Oder vielleicht sogar das Holz selber? Es soll aber angeblich nicht behandelt sein.

Das Wasser ist in diesem Jahr ziemlich bräunlich und der Pflanzenwuchs, bis auf die Seerosen, sehr kümmerlich.

Eine Wasseranalyse habe ich noch nicht gemacht.

Grüße

Fred


----------



## Dr.J (5. Juni 2006)

*AW: Zink im Teich?!*

Hallo Fred,

kannst du mal näher erklären, wie du vor hattest die Goldfische im Bachlauf festzuhalten? 



> Die "Eltern" habe ich sofort entsorgt.


Was bitte verstehst du unter "entsorgt"??



> Nun, jetzt angel und fisch ich fast täglich, aber .....

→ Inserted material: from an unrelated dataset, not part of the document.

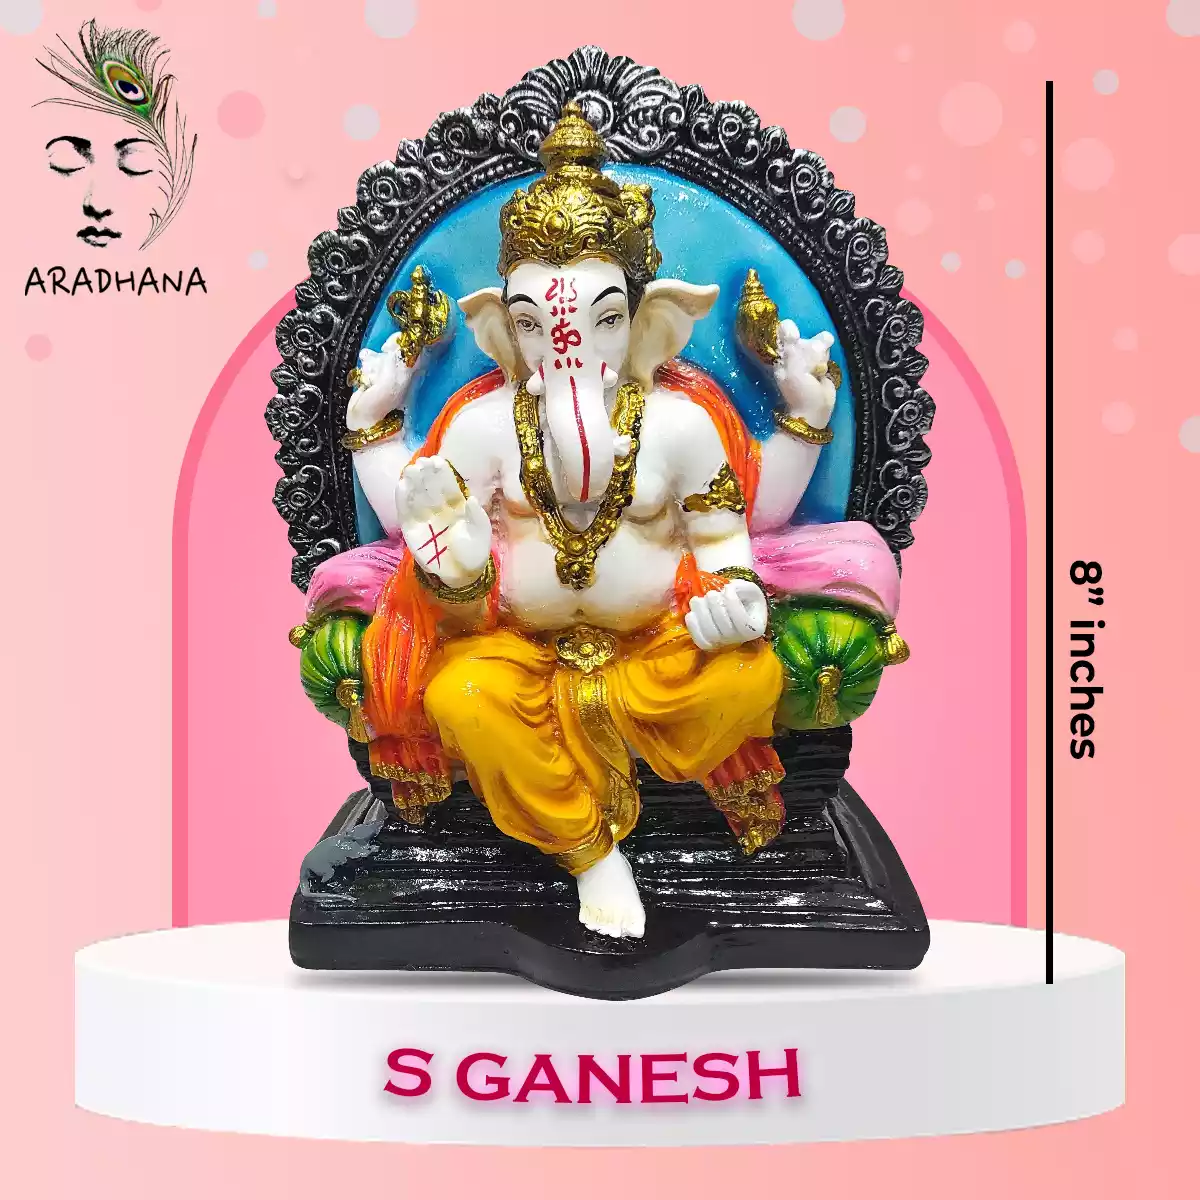 S Ganesh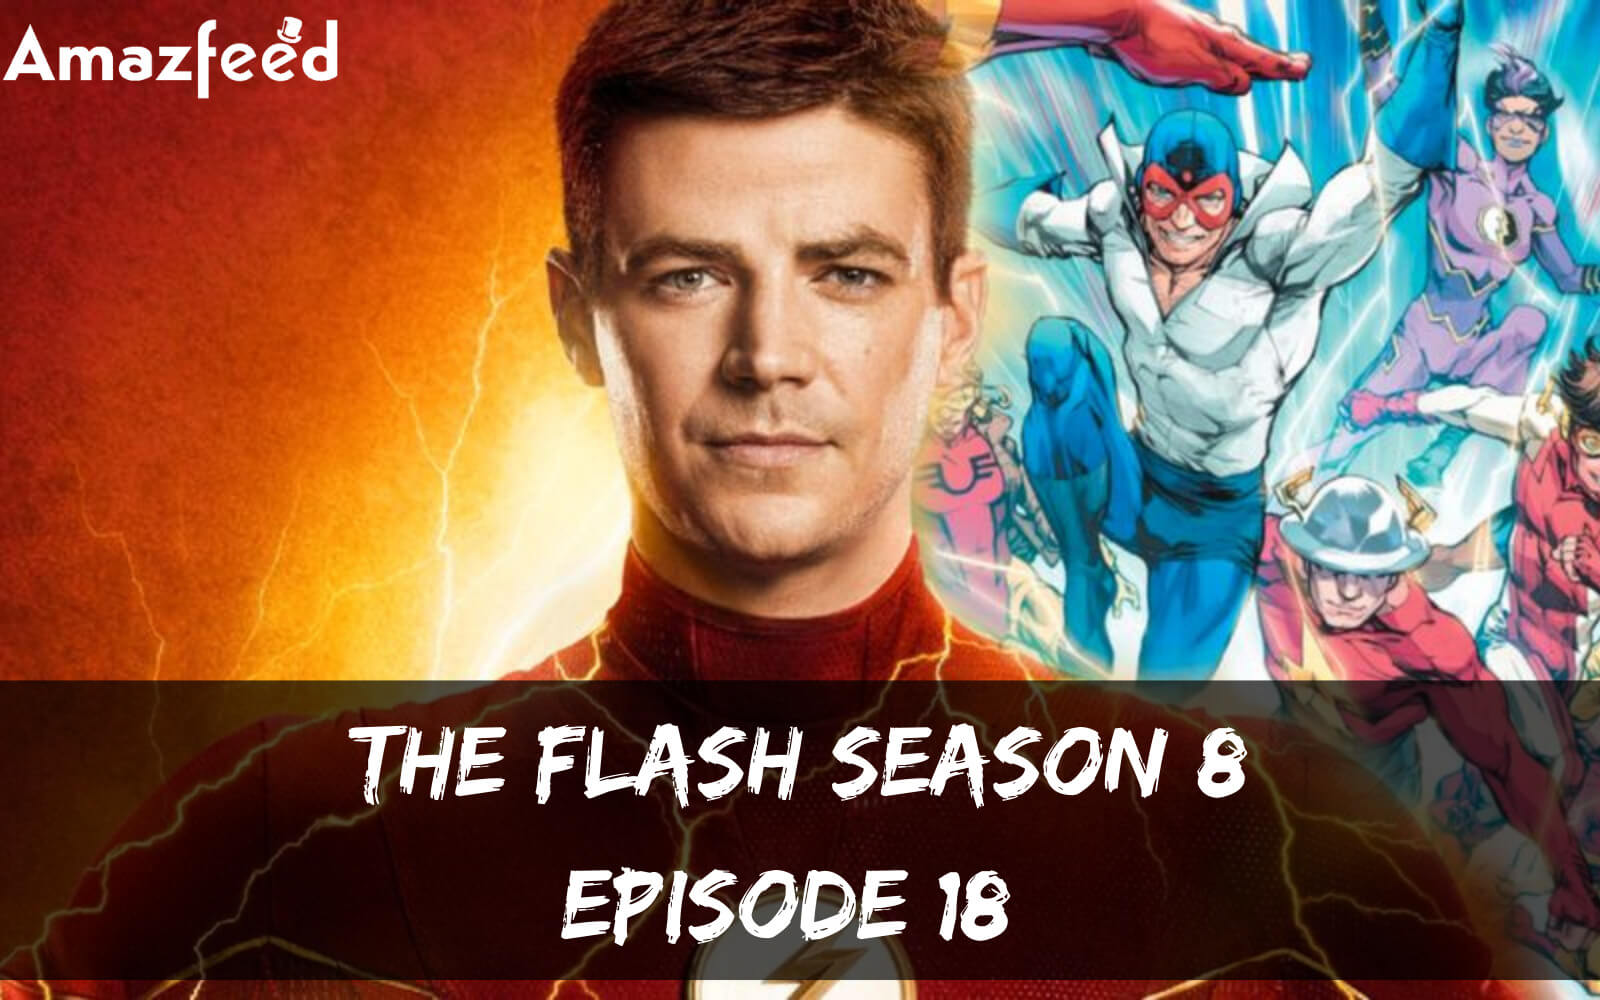 The Flash season 8 episode 18 release date

Was geschieht mit den geangelten Fischen?


----------



## elektrolurch (5. Juni 2006)

*AW: Zink im Teich?!*

>kannst du mal näher erklären, wie du vor hattest die Goldfische im Bachlauf >festzuhalten? 

Innerhalb des bachlaufs war eine größere Staustufe, die hatte schon die Ausmaße eines Miniteichs (ca. 1x1 m). Bei der Frischwasserzufuhr floß dann aber mal zuviel Wasser über die Staustufe und flutsch waren sie im Teich.
Meine Tochter wollte doch so gerne Goldfische und Papa konnte nicht nein sagen.
;-)
Ich weiß die Idee war ideotisch.

>Was bitte verstehst du unter "entsorgt"??
Ahhh der Tierfreund.

Keine Sorge, der Nachbar hat son Goldfischbassin und freute sich riesig.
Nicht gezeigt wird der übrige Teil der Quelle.